> **TASK DESCRIPTION**
The whole listing below should be retyped exactly, without any images.

> **COLLECTED DATA**
++++

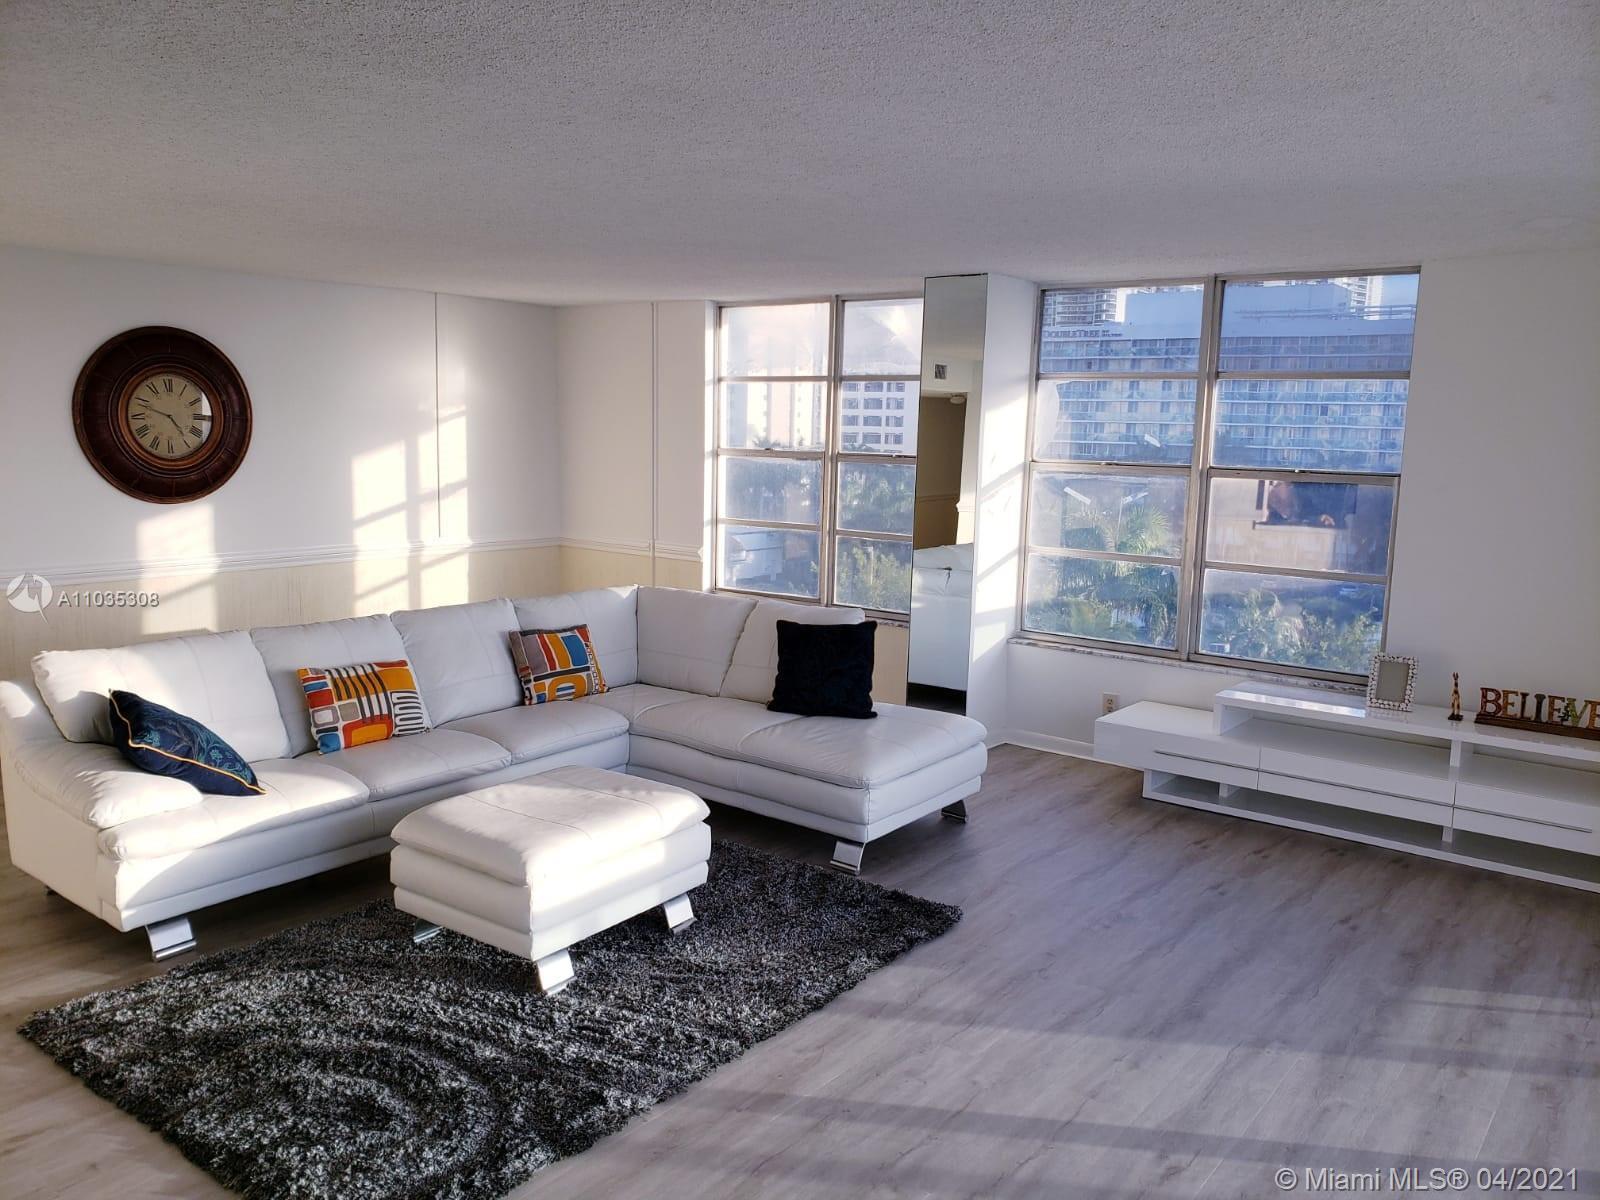 BREATHTAKING VIEWS, BEST line in Hallmark! 2 bedrooms 2 baths HUGE CORNER unit with beautiful views
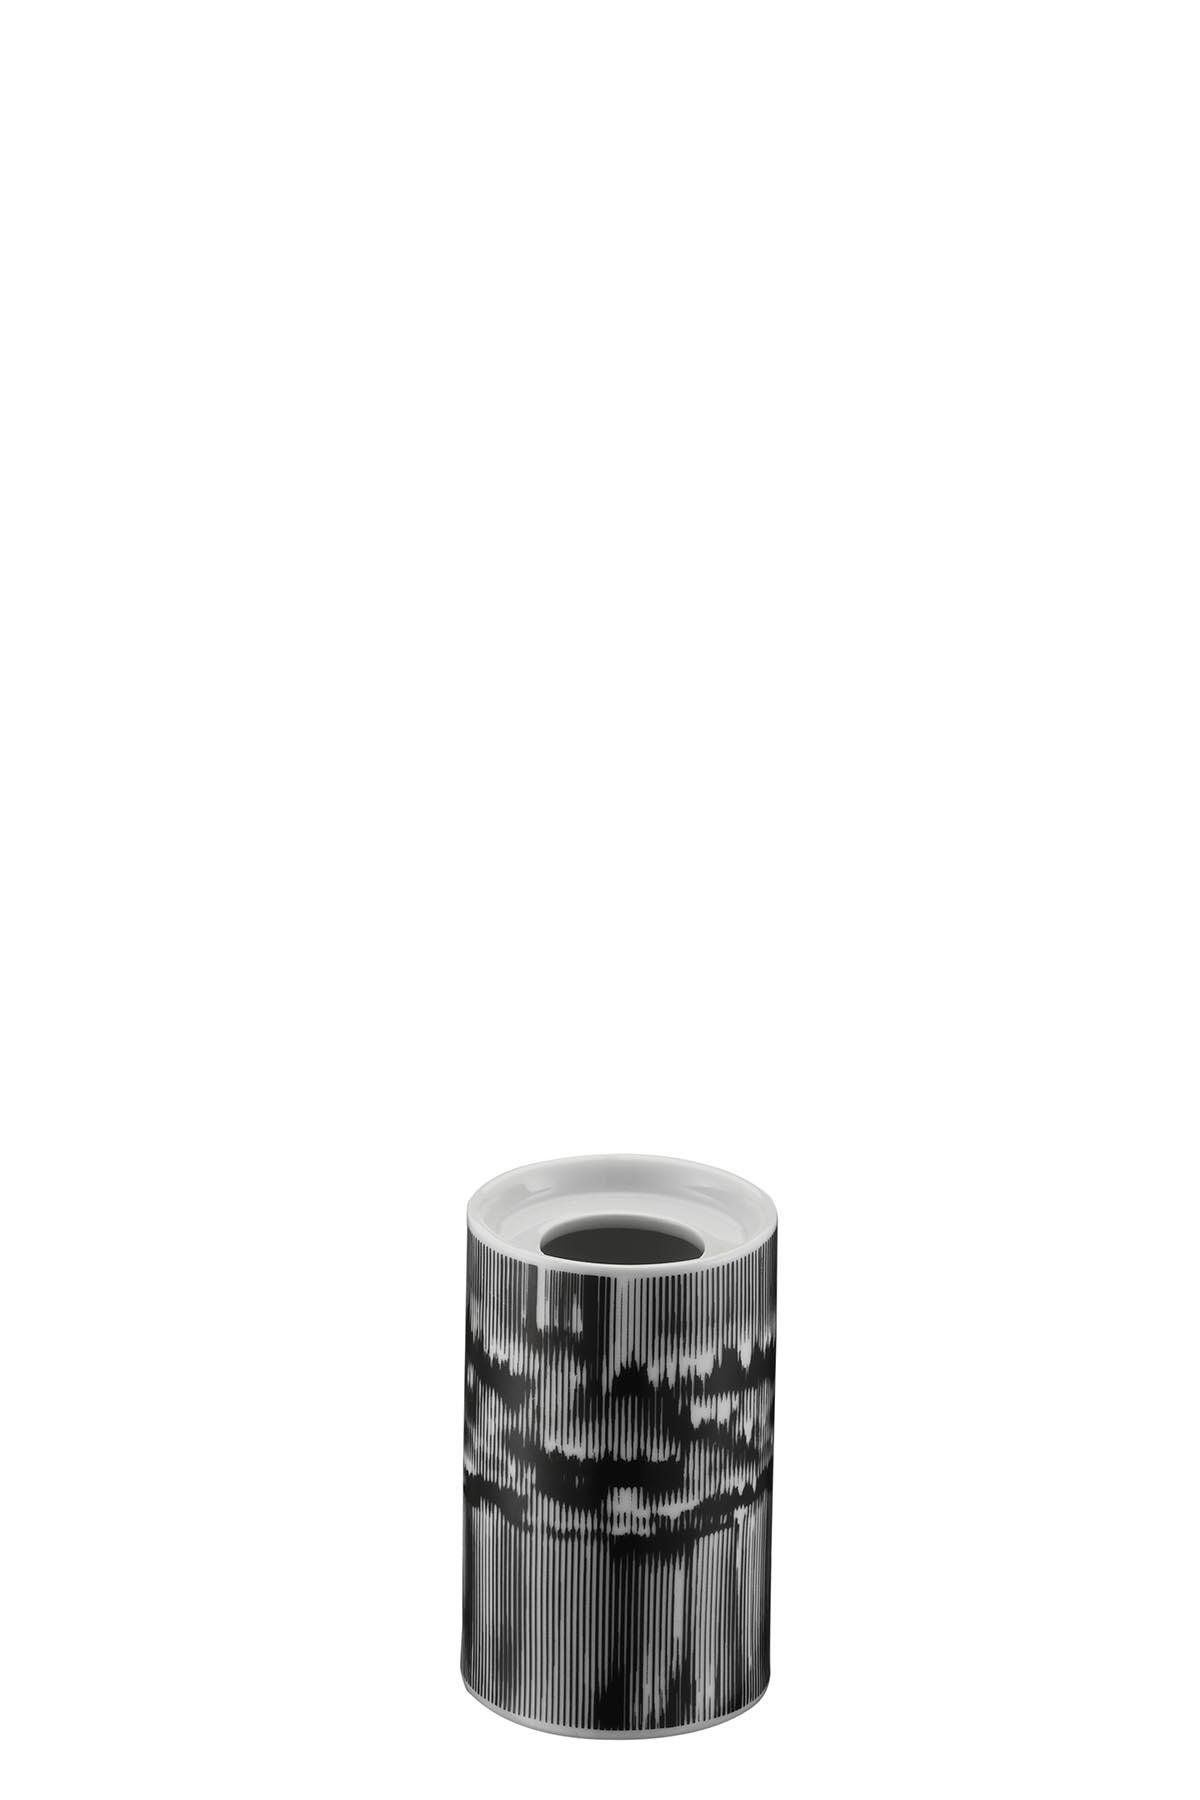 Kütahya Porselen Modern 3 Parça Vazo Takımı 11158
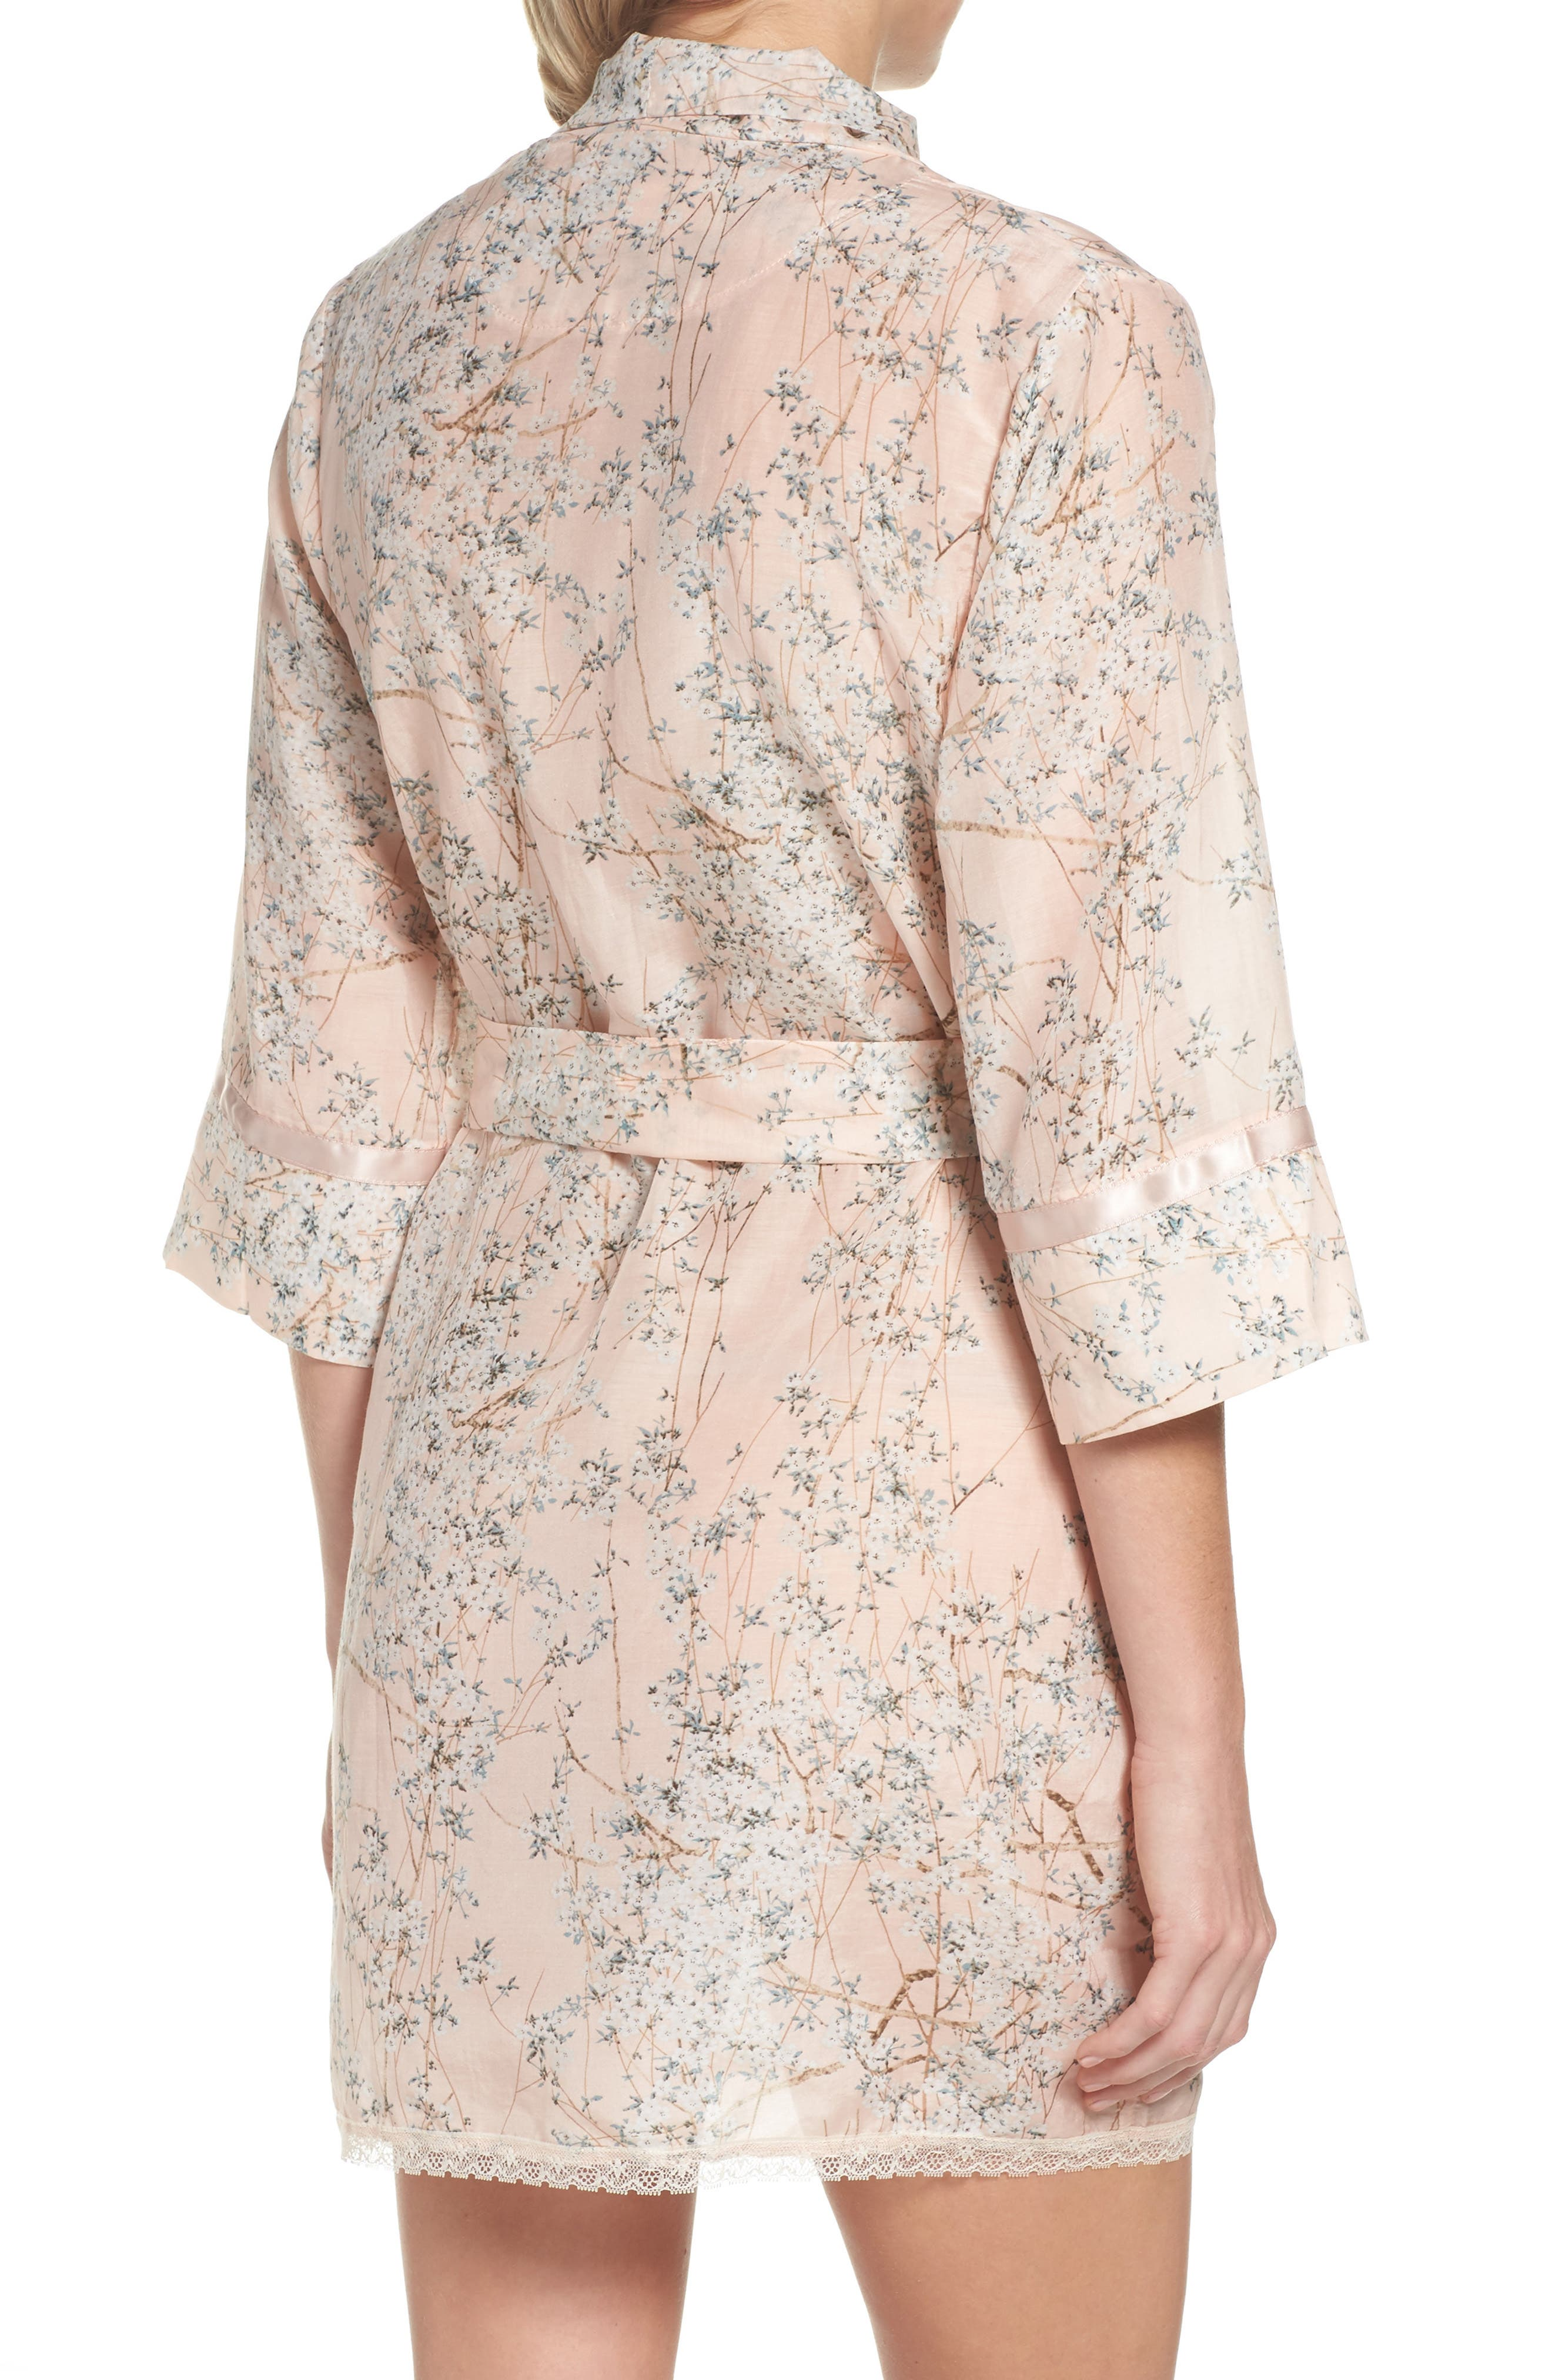 PAPINELLE,                             Cherry Blossom Cotton & Silk Short Robe,                             Alternate thumbnail 2, color,                             950

++++

> **ANSWER SECTION**
 BREATHTAKING VIEWS, BEST line in Hallmark! 2 bedrooms 2 baths HUGE CORNER unit with beautiful views
 Kütahya Porselen Modern 3 Parça Vazo Takımı 11158
 PAPINELLE,                             Cherry Blossom Cotton & Silk Short Robe,                             Alternate thumbnail 2, color,                             950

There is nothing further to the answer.